Наверное, это и есть подлинная художественная достоверность. У каждого героя свое отношение к необычной, страшной ситуации, каждый по-своему прав. Писатель заставляет вглядеться в каждое лицо. Вот он задерживает свое внимание на Фролове: еще и еще раз. Здесь Фадеев остался верен самому себе: он обязан показать героическое в человеке, даже если оно, казалось бы, навсегда утратило свои жизненные силы. А героическое, по Фадееву, и есть выход к добру, человечности, к пониманию. Нелепость «цепляний за жизнь» Фролова «давила всех, как могильная плита». И вдруг в минуты ясного, осознанного и неизбежного приближения смерти в Фролове «появилось человеческое выражение». И уже не Левинсон, не Сташинский главные действующие лица этой трагедии, а именно он, Фролов. Смерть его не менее героична, чем гибель Морозки. Последние слова и действия Фролова — слова и действия участника героической истории. Он спокоен, мудр, решителен. Его мысли не только о своей смерти, но и будущем семьи, сына.

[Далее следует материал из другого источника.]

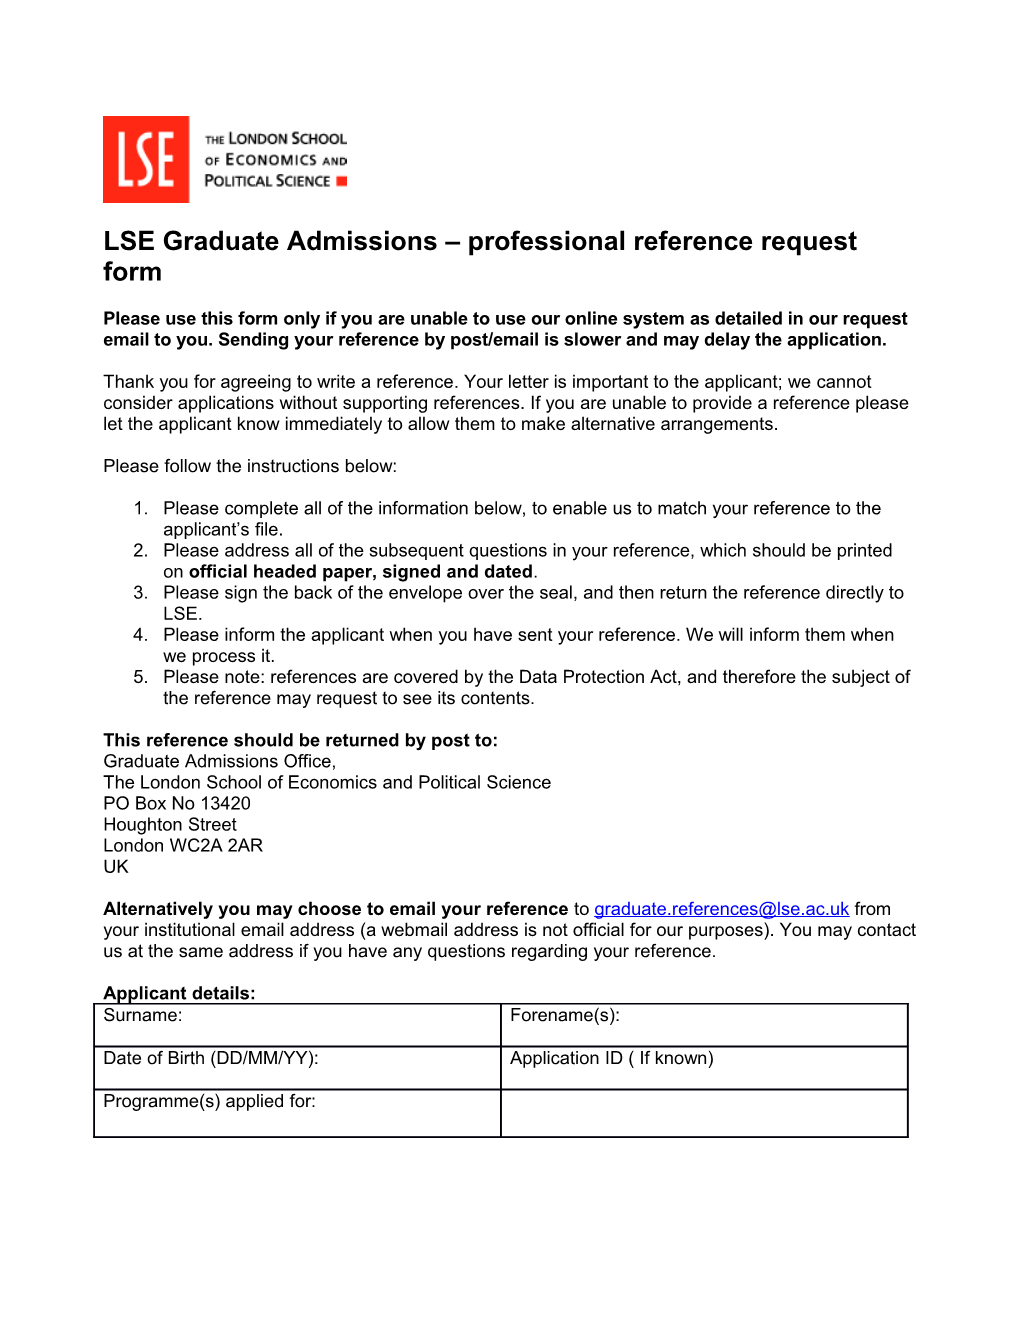 LSE Professional Reference Request Form (3)

«Случится, будешь на Сучане, — говорил он врачу Сташинскому, — передай, чтоб не больно уж там… убивались… Все к этому месту придут… да… Все придут, — повторил он с таким выражением, точно мысль о неизбежности смерти людей еще не была ему совсем ясна и доказана, но она была именно той мыслью, которая лишила личную — его, Фролова, — смерть ее особенного, отдельного страшного смысла и делала ее — эту смерть — чем-то обыкновенным, свойственным всем людям. Немного подумав, он сказал: — Сынишка там у меня есть на руднике… Федей звать… Об нем чтоб вспомнили, когда обернется все, — помочь там чем или как…»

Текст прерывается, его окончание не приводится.